A new study suggests that clinical depression may hamper the body’s ability to recover from physical activity, prolonging the amount of time it takes for a depressed person’s heart rate to slow down and return to normal after a workout. Although it may sound minor, some research suggests that a difference of even just a few beats a minute during post-exercise recovery is associated with a shorter life span.
Scientists say the findings may help shed light on the well-known link between depression and heart disease.
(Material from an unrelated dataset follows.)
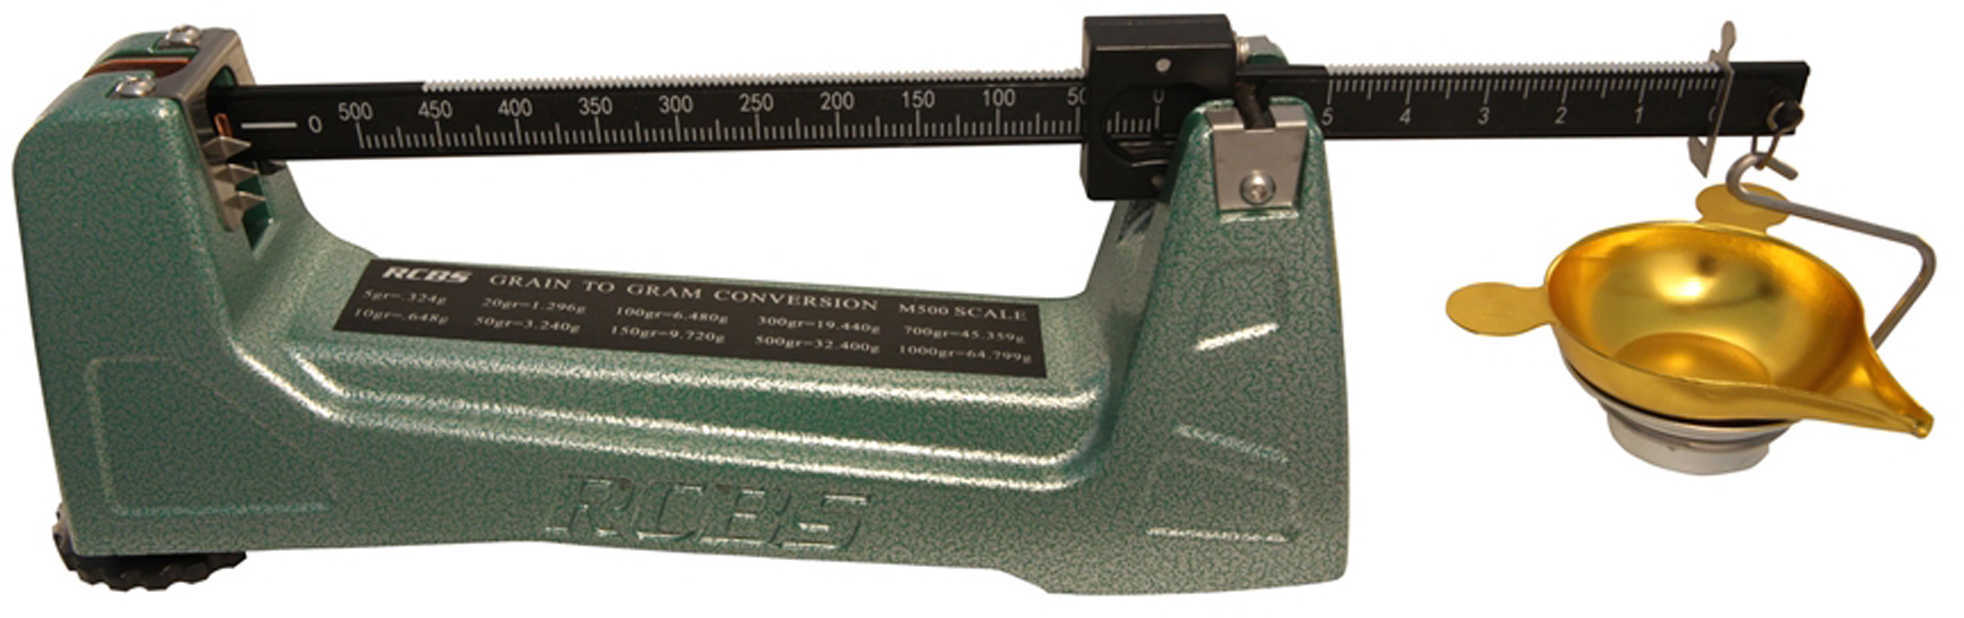 RCBS M500 Mechanical Scale

Studies show that depressed people have an increased risk of heart attacks, and heart patients who develop depression die sooner than heart patients without depression.
The new study, published in the November issue of the journal Psychophysiology, included 886 healthy adults, including 51 with a diagnosis of major depression. All of the subjects were given stress tests on a treadmill, and their blood pressure and heart rates were measured both at rest and during the exercise test, as well as at one-minute and five-minute intervals afterward.
Over all, compared with the subjects without depression, it took significantly longer for the depressed subjects’ heart rates to slow down to normal after the stress test. The difference was about 3.7 beats a minute.
That seemingly small disparity may have a major effect on mortality, other research suggests. A study at Stanford of more than 2,000 men who underwent similar stress tests throughout a seven-year period, for example, found that men who died during the followup period had all taken slightly longer to recover after exercise during the study. On average, these men had returned to their normal heart rates about three beats a minute more slowly than the other men in the study, which was published in 2001.
“That really highlights how important this kind of physiological disruption can be,” said Simon Bacon, an associate professor of exercise science at Concordia University in Montreal and senior author of the new paper.
While the cause of the heart-rate disparity in the depressed subjects is unclear, Dr. Bacon and his colleagues speculated that people with major depression have a dysfunctional stress response. Normally, in response to a threat or stressful event, a person’s nervous system ramps up as the heart rate accelerates, pupils dilate and adrenaline flows. But when the stress is removed, this state of high alert should diminish.
“The system is supposed to come back to normal quite quickly,” Dr. Bacon said. “But what we’re seeing in the patients with depression is the system is not relaxing and coming back to normal as it should. Something about being depressed probably has some influence on the circuitry of the brain that causes the stress response to become dysfunctional.”
Most research into depression and exercise has focused on the benefits of physical activity for easing the symptoms of anxiety, depression and other mood disorders. Dr. Bacon said patients with depression should not be discouraged from physical activity, and should continue to look at exercise as a form of treatment. He pointed out that his study used an unusually “acute” exercise test to stress the subjects.
“This does not suggest a single bout of exercise is harmful,” he said.
In fact, he added, regular exercise may even improve heart-rate recovery in people with depression. As for the next step, Dr. Bacon said future studies would look at whether cognitive behavioral therapy or certain drugs might be able to improve the stress response. At the same time, imaging studies might help pinpoint the underlying problem in the brain’s circuitry.